The materials used in this study include the following packages and libraries: Numpy, Pandas, SciPy, Scikit-Learn, Tensorflow, Keras and Matplotlib. We used an HP laptop with an Intel (R) Celeron (R) N3350 processor, 4 GB of memory.

3.2 Dataset

The dataset used for our analysis is provided by Orange Senegal. This dataset is collected from the 4G radio access network called LTE (Long Term Evolution). The Small Cell solution of the type is a specific solution dedicated to indoor coverage and capacity building which has been set up by Huawei. In total, 7 sites (MASSALIK_P1, MASSALIK_P2, MASSALIK_P3, MASSALIK_P4, MASSALIK_P5, MASSALIK_P6, MASSALIK_P8) of the type have been deployed at the zone level. Thus, we collected a set of data on Orange Senegal's 4G mobile network on these 7 Pôles Stars sites. However, choosing all the available variables in a dataset is not always a good option as it can lead to poor predictions. The descript the variables is given in Table 1. After preprocessing we get a dataset with 583 rows and 13 columns, DL_perceived_throughput is the target variable. An overview of the statistical distribution of this data set is presented in “Fig. 13”.

Table 1

Description of the dataset
Variables	Description
DL_Traffic (GB)	Represents downlink data traffic
Traffic_UL (GB)	Represents uplink data traffic
Total_Traffic (GB)	Represents total data traffic
Active_user_Max	Represents the maximum number of active users
RRC_user_Max	Defines the protocol allowing the UE and the l’(e)NB to exchange signaling
throughput_UL_user (Kbit/s)	Represents the user throughput of the uplink
Throughput_DL_user (Kbit/s)	Represents the user throughput of the downlink
DL_PRB_Rate	Represents the physical resource block rate for the downlink
UL_PRB_Rate	Represents the physical resource block rate for the uplink
CDR	Represents charging data recording
CQI_Avg	Represents the channel quality indicator
Radio_DL_Delay_avg	Defines the average of the downlink radio delay
DL_perceived_throughput (Mbps)	Represents the perceived throughput of the downlink
MASSALIK_P1, MASSALIK_P2, MASSALIK_P3, MASSALIK_P4, MASSALIK_P5, MASSALIK_P6, MASSALIK_P8	Represents small Pole Star type cells (or Pole Star sites)

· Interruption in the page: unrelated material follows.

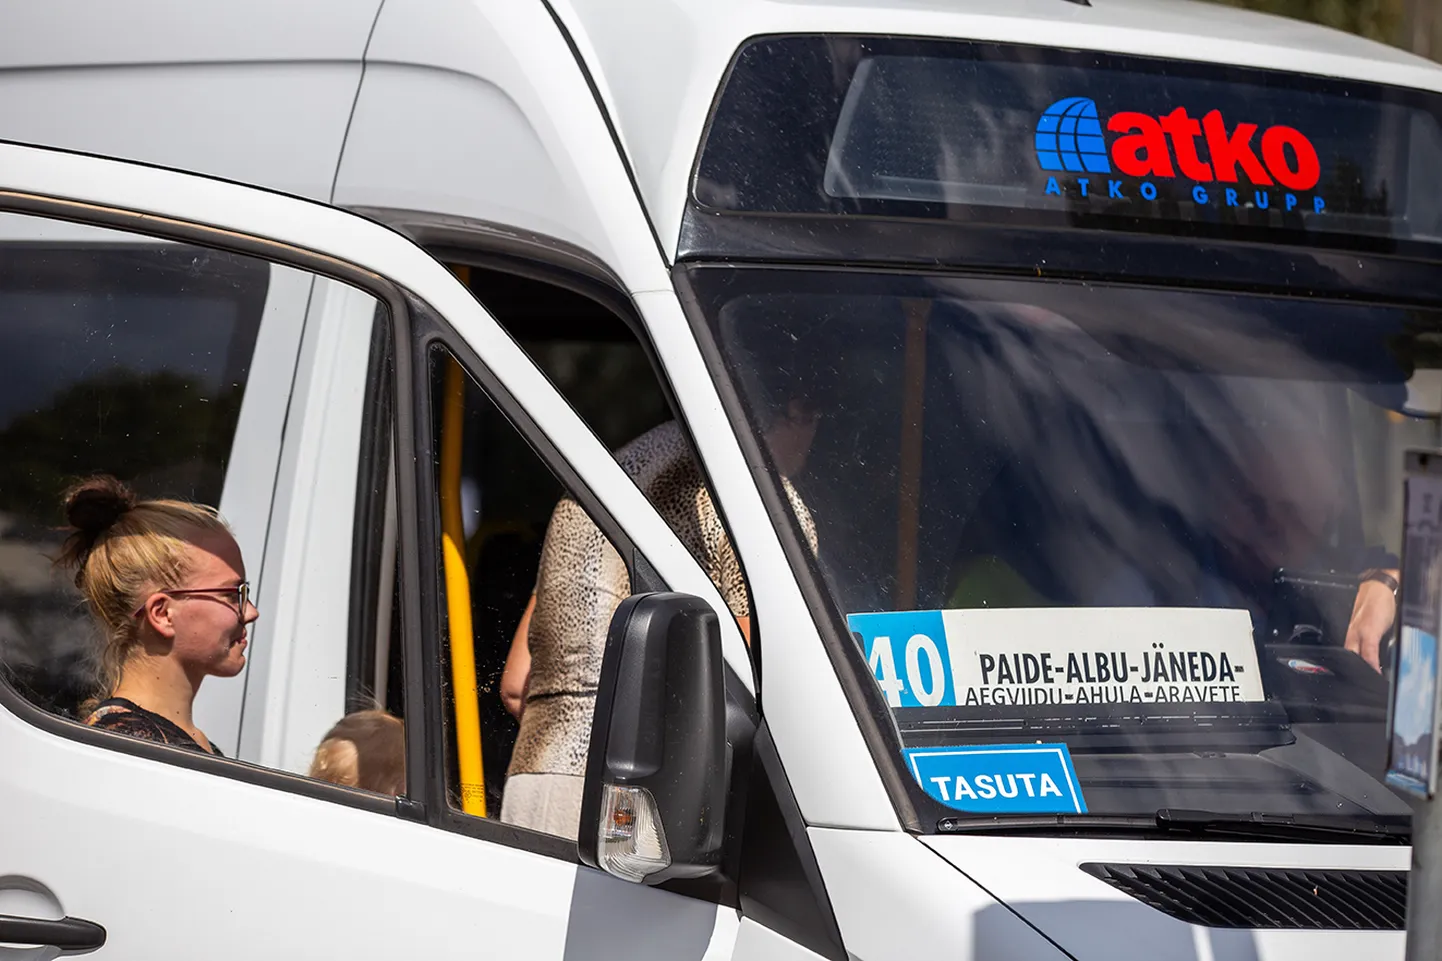 Esimene tasuta ühistranspordi kuu tõi Järvamaa maakonnaliinide bussidesse rohkelt uusi sõitjaid. Nüüd on bussisõit taas tasuline.

3.3 Machine learning algorithms

LR, DT, RF, and ANN or MLP are the machine learning algorithms used in this article. LR is an ML technique that allows we to model linear relationships between variables. DT is a supervised, non parametric ML method capable of finding complex nonlinear relationships in data. DT can perform classification and regression tasks. In this article, we focus on DT with a regression task. The significant hyperparameter that can improve the performance of the algorithm is the maximum tree depth that we set to 4 (i.e. max_depth = 4). Further details on decision tree algorithms can be found in [35]. The decision tree built from the DT model is presented in “Fig. 1”.

RF [36] is a combination of several DT, i.e. a forest, where each tree is generated from a new training data set, which is a randomly sampled subset from the original training dataset. The hyper parameters of the RF algorithm include the number of trees defined as 200 in this article, the maximum characteristics in an individual tree, and the minimum number of leaf nodes needed to split an internal node.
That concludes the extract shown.